Longform

Knocked Out: For Kids, Concussions Can Be Worse Than for Adults

Natasha Helmick goes up for a header during a Dallas soccer match and gets speared in the left temple by an opponent. The 14-year-old, a talented center midfielder playing in the choice Lake Highlands Girls Classic League, crumples to the ground.

She can't see anything out of her left eye. Her coach asks whether she's okay, Helmick lies and says she's good to go, and the coach puts her back into the lineup. She plays the remainder of the game, even though one eye sees darkness while floaters and sparkly objects dance in front of the other.

Helmick plays again later that day, sans full eyesight. Her vision will eventually return, but five years and four concussions later, Natasha Helmick is unable to recall much of her childhood.

When speaking to her, you wouldn't know that Helmick, who was forced to give up an athletic scholarship to Texas State University-San Marcos, is a brain-damaged 19-year-old. "But academically," says her mother, Micky Helmick, "everything is three times harder."

As Helmick racked up more concussions, David Goldstein, a "little freshman" by his own estimation, shouldn't even have been on the soccer pitch during the January 2010 district finals for Ransom Everglades, a Miami-area prep school, against longtime rival Gulliver. But when an older kid was injured, Goldstein subbed in and was playing one of the best games of his life when he collided head-to-head with an opponent he describes as "a monster from Gulliver."

Game tape shows Goldstein holding his head and swaying like a drunk. But there was no way he was going to take himself out of this match — and his coach didn't, either.

It was — though Goldstein didn't understand the medical ramifications at the time — his third concussion in four years. After the game, he felt nauseous and cowed by light, stumbling to his dad's car and collapsing.

For months, the "blaring" headache persisted. "It's always there," he says. "It's so intense, it takes over your life." Previously a devoted student, Goldstein took refuge in the school nurse's office three hours each day, closing his eyes to the painful light. He became agitated and impatient with his friends. Every specialist his parents took him to was perplexed by his condition.

Across the country, people have awakened to the sometimes irreversible damage of concussions, especially in high-impact professional sports. With much of the attention focused on the National Football and National Hockey leagues, Village Voice Media — following a months-long, nationwide investigation into the consequences of concussion on youth athletes, who are bigger and more aggressive than in past generations and often play year-round — has found the following:

• The effect of a concussion on kids can be much more devastating than on adults. Doctors say that, until people are in their early to mid-20s, their brains are not fully developed and can't take the same level of trauma as adult brains can.

• Postmortem analysis, the only surefire way to measure concussions' devastating effects, shows that repeated blows to the head may be linked with Alzheimer's, Parkinson's, ALS, and a number of other fatal diseases.

• An athlete who doesn't exhibit outward signs of a concussion (headaches, dizziness, vomiting, temporary amnesia) can still experience changes in brain activity similar to those in a player who has been clinically diagnosed with a concussion.

• Thus far in 2011, 20 state governments and the District of Columbia have signed concussion legislation that prohibits an athlete from returning to play until cleared by a licensed physician.
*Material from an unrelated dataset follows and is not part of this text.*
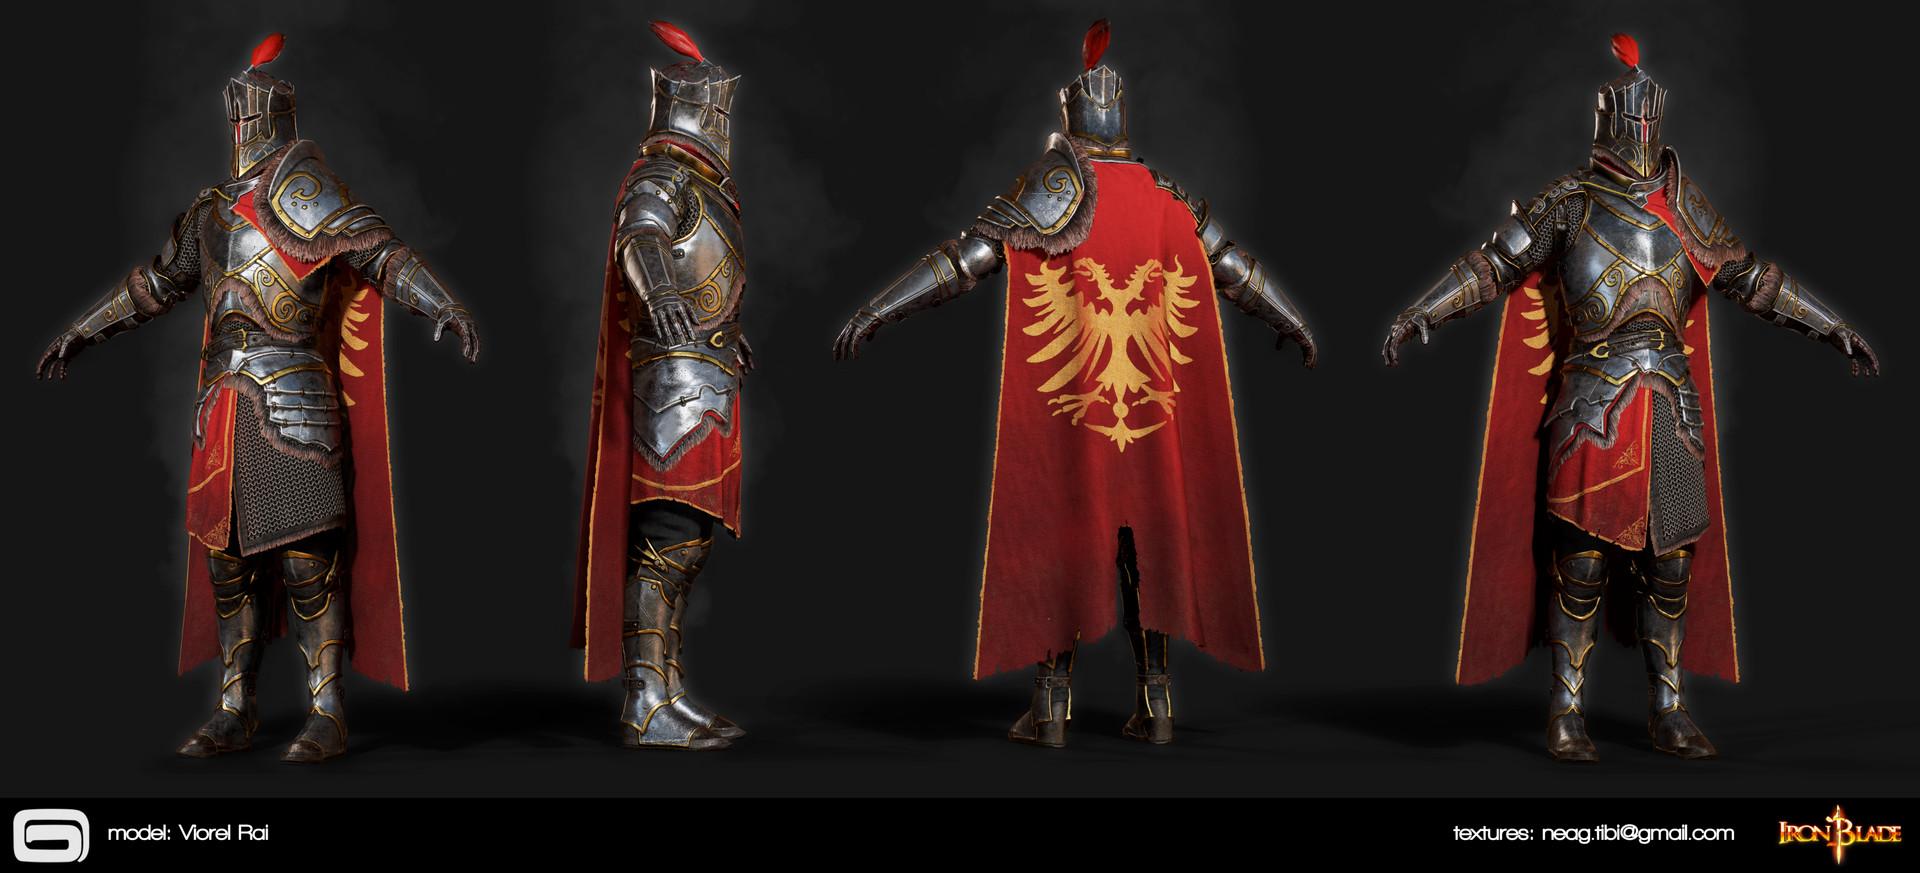 Tibi neag tibi neag iron blade mc armor 08c2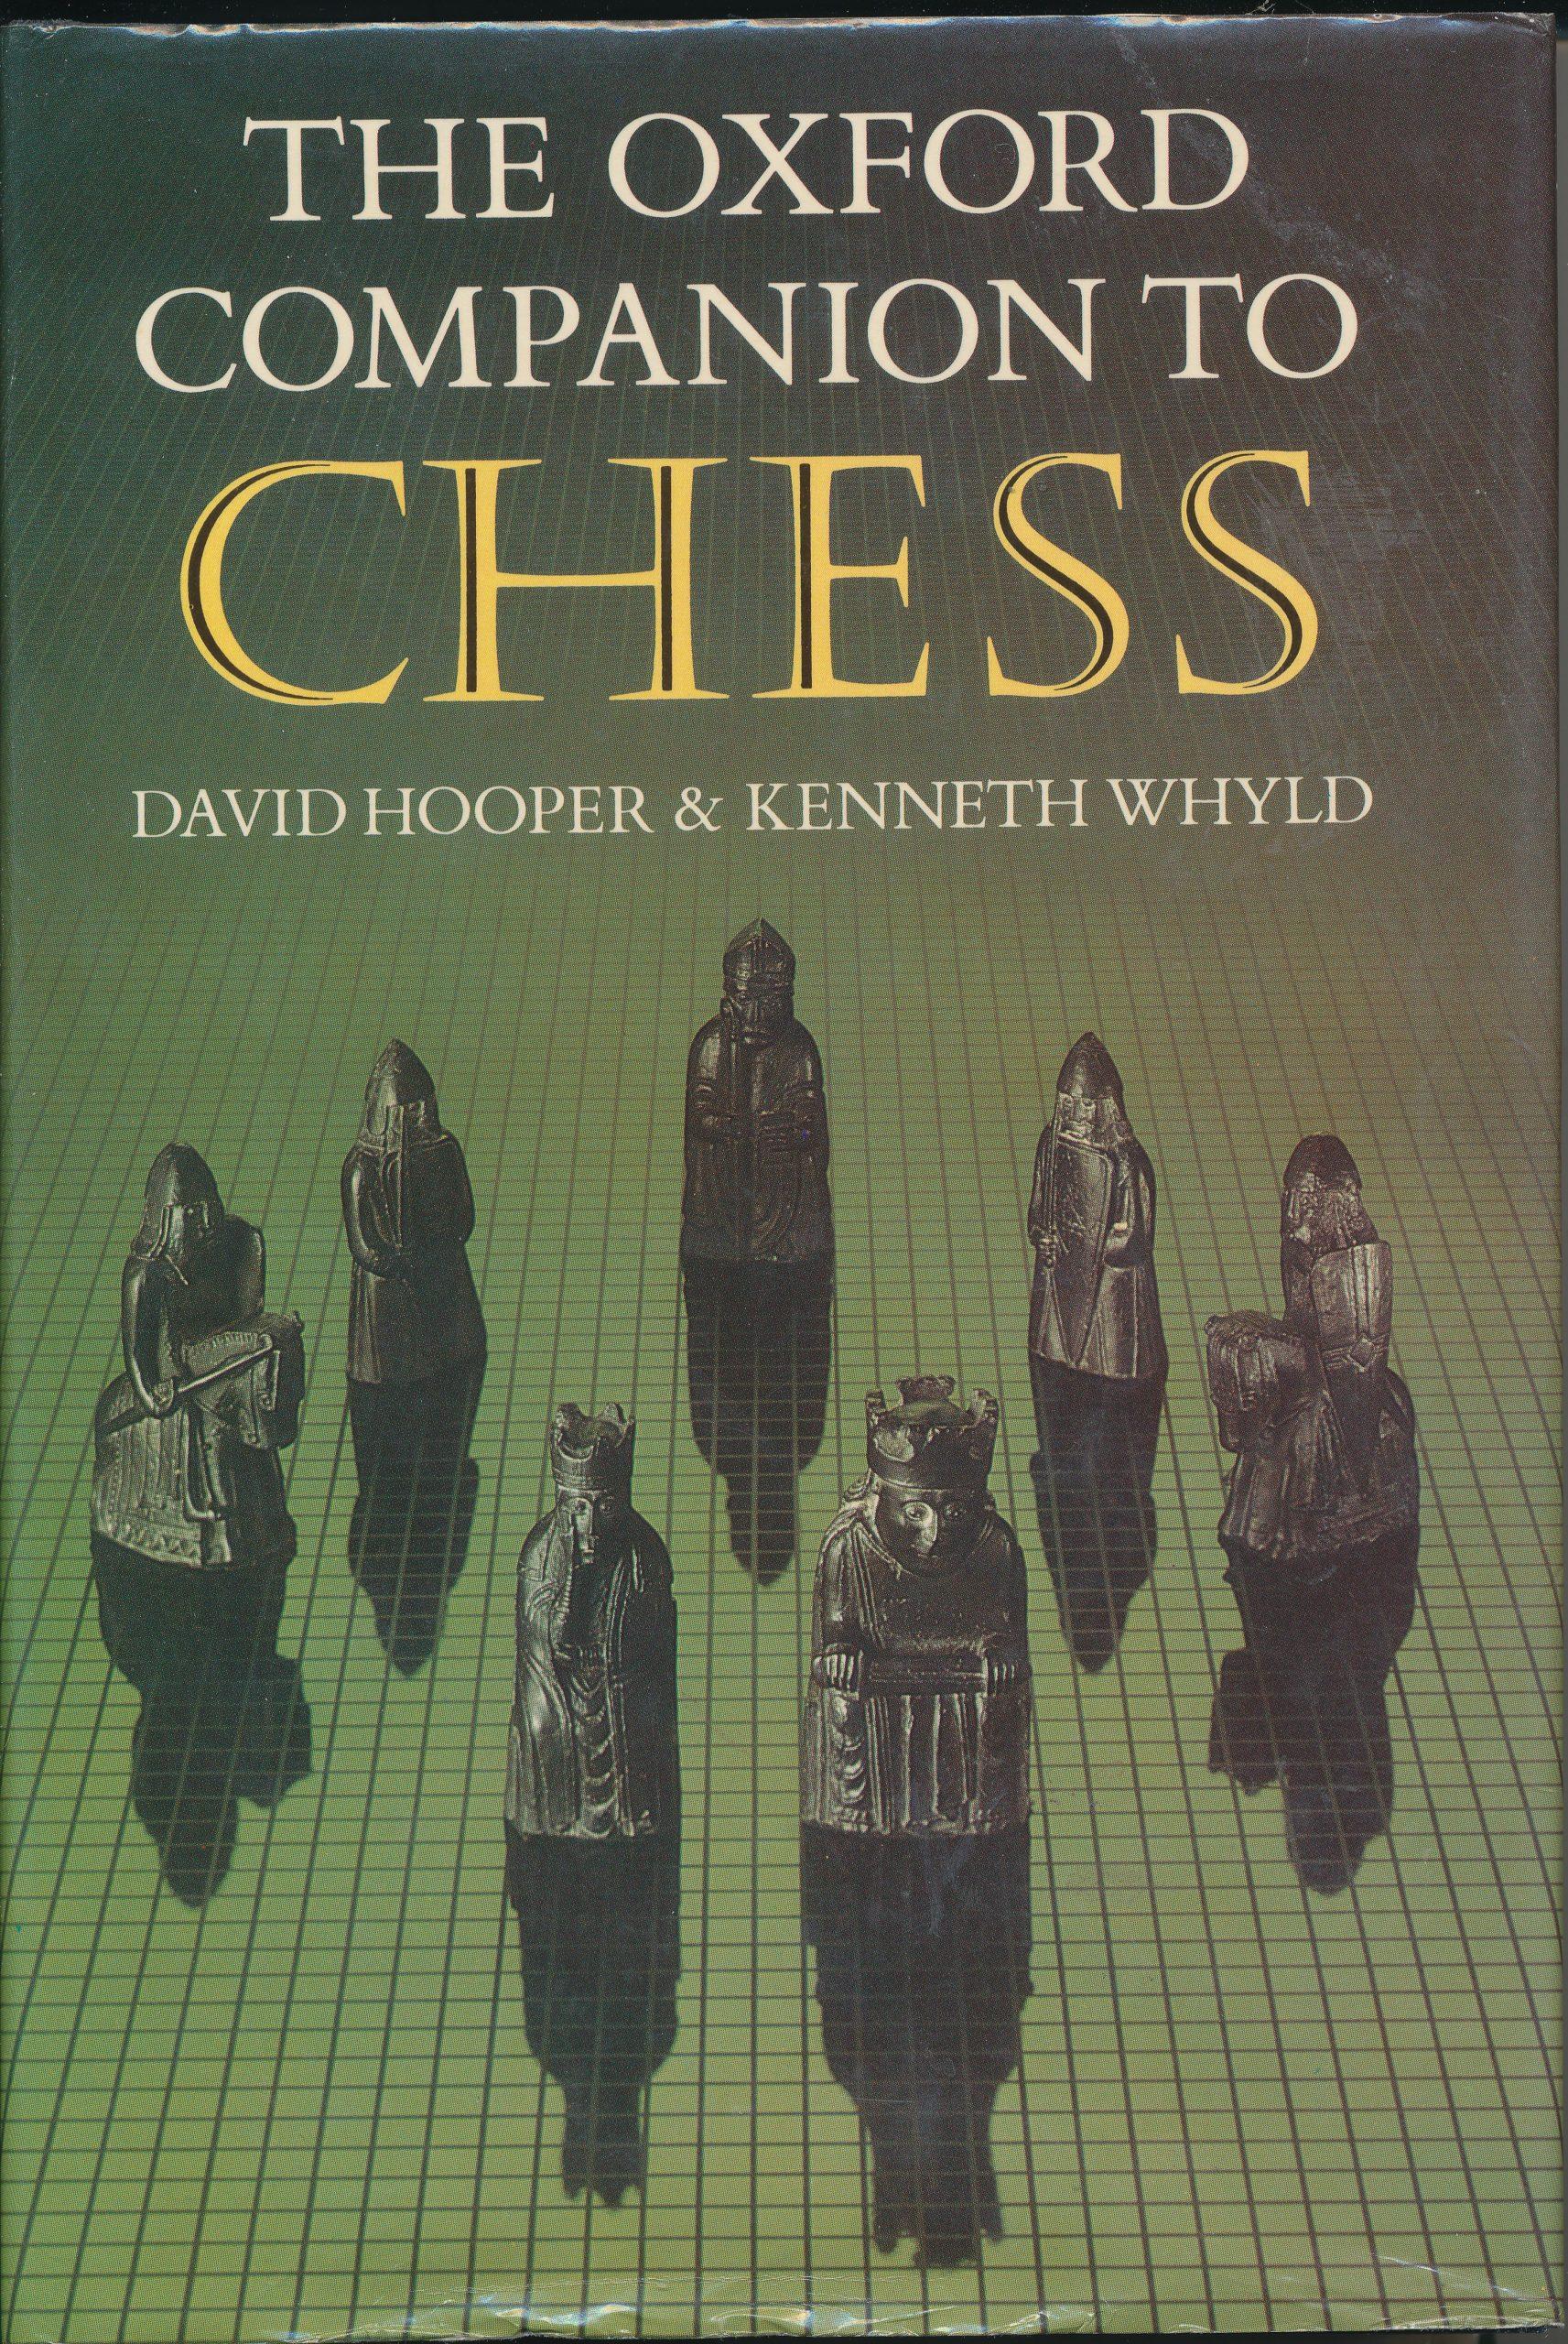 The Oxford Companion to Chess, 1st Edition, David Hooper & Ken Whyld, Oxford University Press, 1984, ISBN 0 19 217540 8

To date, 28 states (as well as the city of Chicago) have concussion laws in place. This does not include Florida, whose legislators struck down a proposed bill that could have helped protect youth athletes.

• The ImPACT test, widely regarded as the go-to neurological exam to measure concussive blows, doesn't always accurately gauge a player's readiness to return to action. And you can cheat on it.

Meanwhile, as attorneys debate how the new concussion laws will play out, kids like Natasha Helmick, whose memory struggles sometimes resemble those of an elderly person, continue to battle a condition that puts parents who want the best for their children in an interesting position: Would they push to have them be standouts in athletics — sometimes the key to a better future — if they realized that in some cases, their kids can be harmed for life by their participation in elite sports?

The answer is "no" for Hall of Fame quarterback Troy Aikman, who says, based on his own concussion episodes, that he will never allow his kids to play a contact sport.


For Ali Champness, it was a freak accident, a ball kicked in her face by her own goalie during practice that turned her life upside down. The 14-year-old freshman, who'd already made junior varsity at Garces Memorial, a Catholic high school in Bakersfield, California, told her parents the sting went away after a little while.